1959年創業以来、1度も赤字を出したことがないという京セラの経営の裏には、創業者である稲盛和夫氏が発案、実行したアメーバ経営と呼ばれる手法がありました。経営不振に陥っていたJALをはじめ、いくつかの企業をV字回復させてきたこの「アメーバ経営」とは一体どのようなものなのでしょうか。その本質や成功事例、失敗事例についても細かく紹介します。
アメーバ経営とはなにか
アメーバ経営は、会社組織を「アメーバ」と呼ばれる細かい集団に細分化し、各アメーバのリーダーが経営者のように細分化されたアメーバの経営を行います。
小組織の利益最大化を測ること
アメーバを構成するリーダーとメンバーは、自身の携わる小組織(アメーバ)の利益最大化を図ることにより、創意工夫を行いながら、日々の仕事に取り組むようになるというシステムを指します。
稲盛和夫氏が実体験に基づき、発案された経営管理システム
この経営手法は京セラや第二電電(KDDIの前身となる企業)を創業した稲盛和夫氏が、会社を運営する実体験に基づき発案した手法です。
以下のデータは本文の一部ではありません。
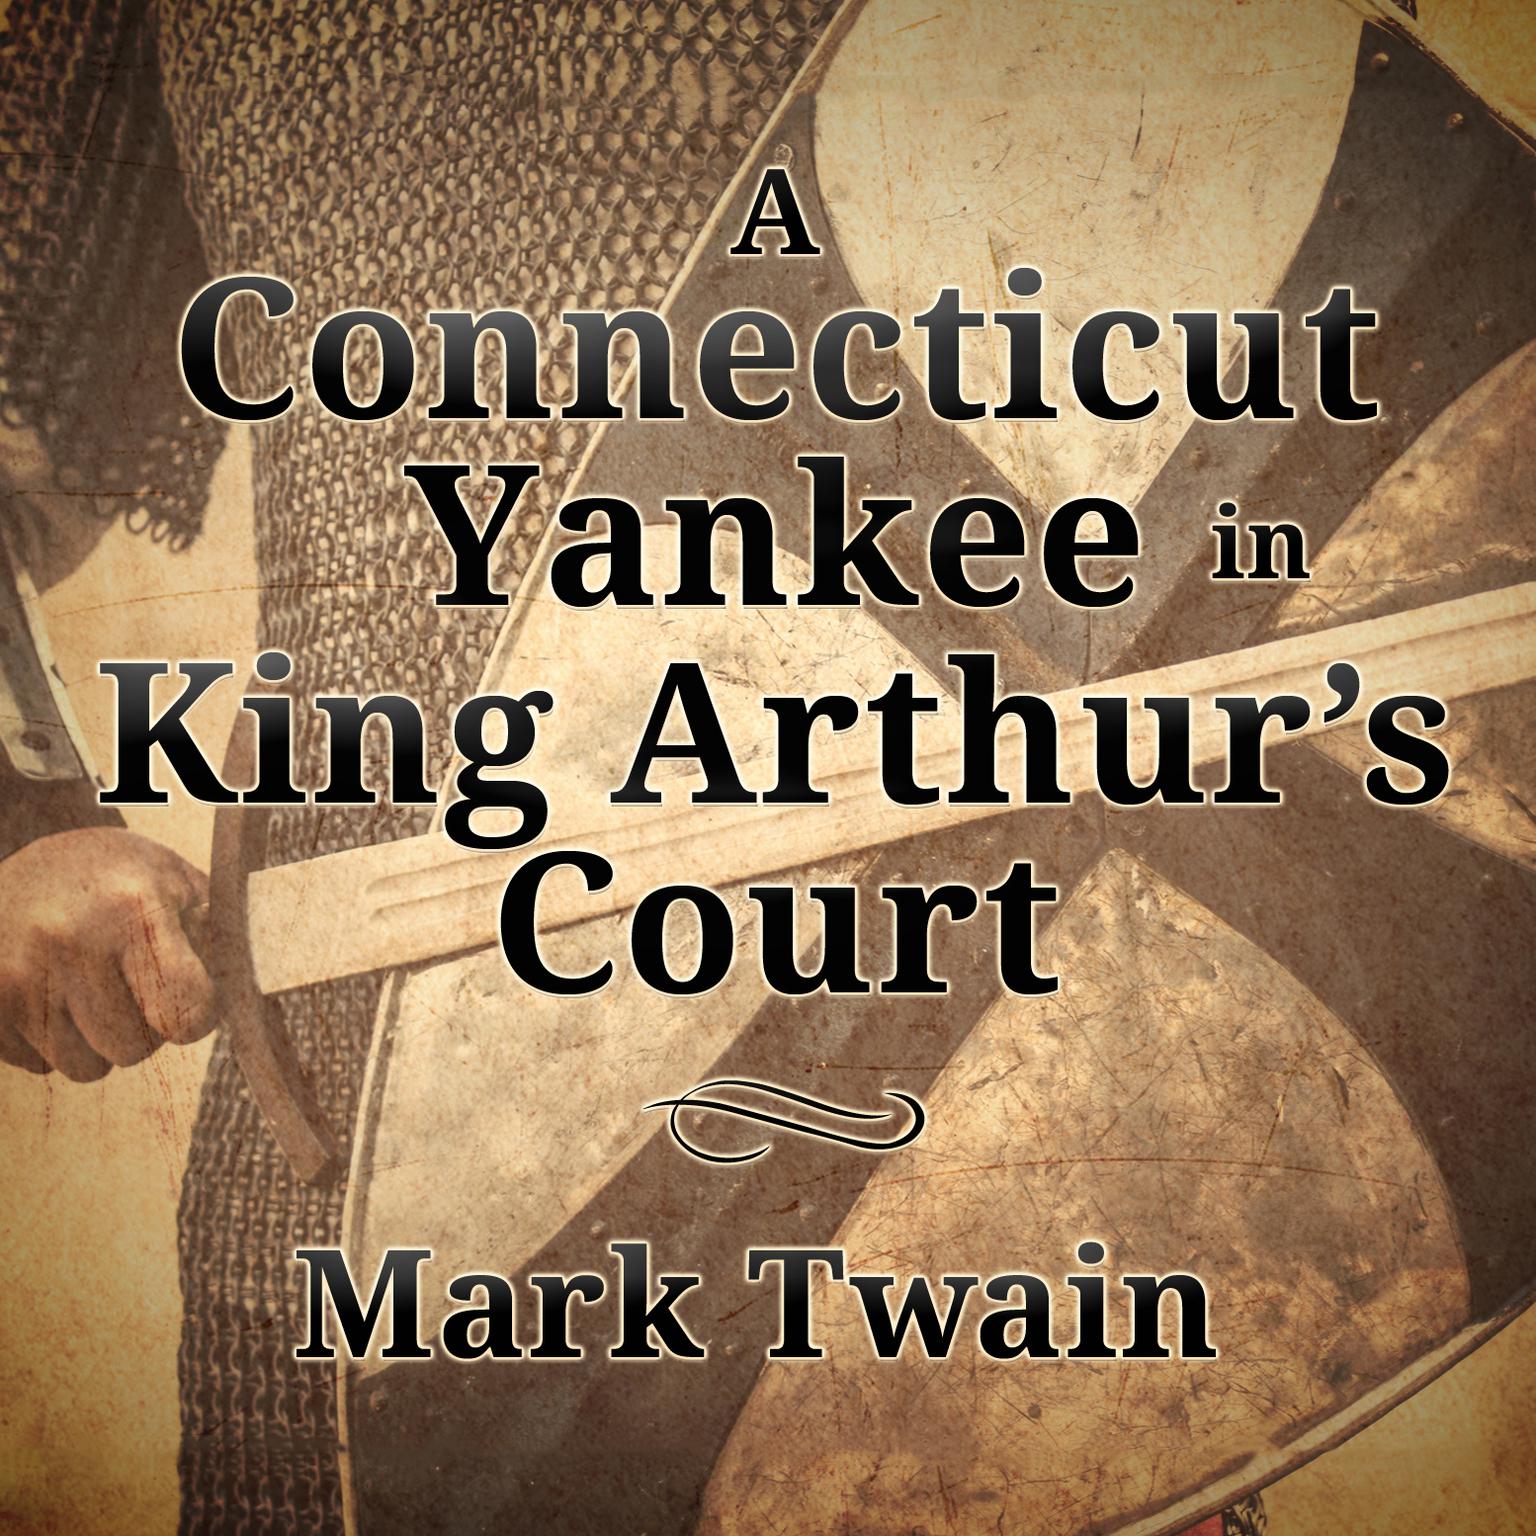 A Connecticut Yankee in King Arthur #39 s Court Audiobook by Mark Twain

稲盛氏は「会社経営を一部の経営上部層のみで行うのではなく、すべての社員が経営に関わるものだ」との考えに基づき、「会社の組織を可能な限り細分化し、細分化されたそれぞれの組織の成果物をわかりやすく示すことで、全社員の経営参加を促す経営管理システムである。」と考えています。
アメーバ経営の本質とは
会計を正しく理解すること
アメーバ経営の本質は「会計を正しく理解する」ということにあります。稲盛氏は会計を企業が目標に到達するための羅針盤であると考えており、すべての社員が羅針盤に基づき同じ方向を向いてオールを漕ぐことで目標の達成と企業成長が実現できると考えています。
社員全員が経営に参加すること
この事から、すべての社員が羅針盤を意識するために、社員全員が経営に参加することのできるアメーバ経営を推進しています。そして、会計がマイナスに転じた時には進むべき方向を間違えているという認識を持つことが大切であるという認識のもとに経営を行っています。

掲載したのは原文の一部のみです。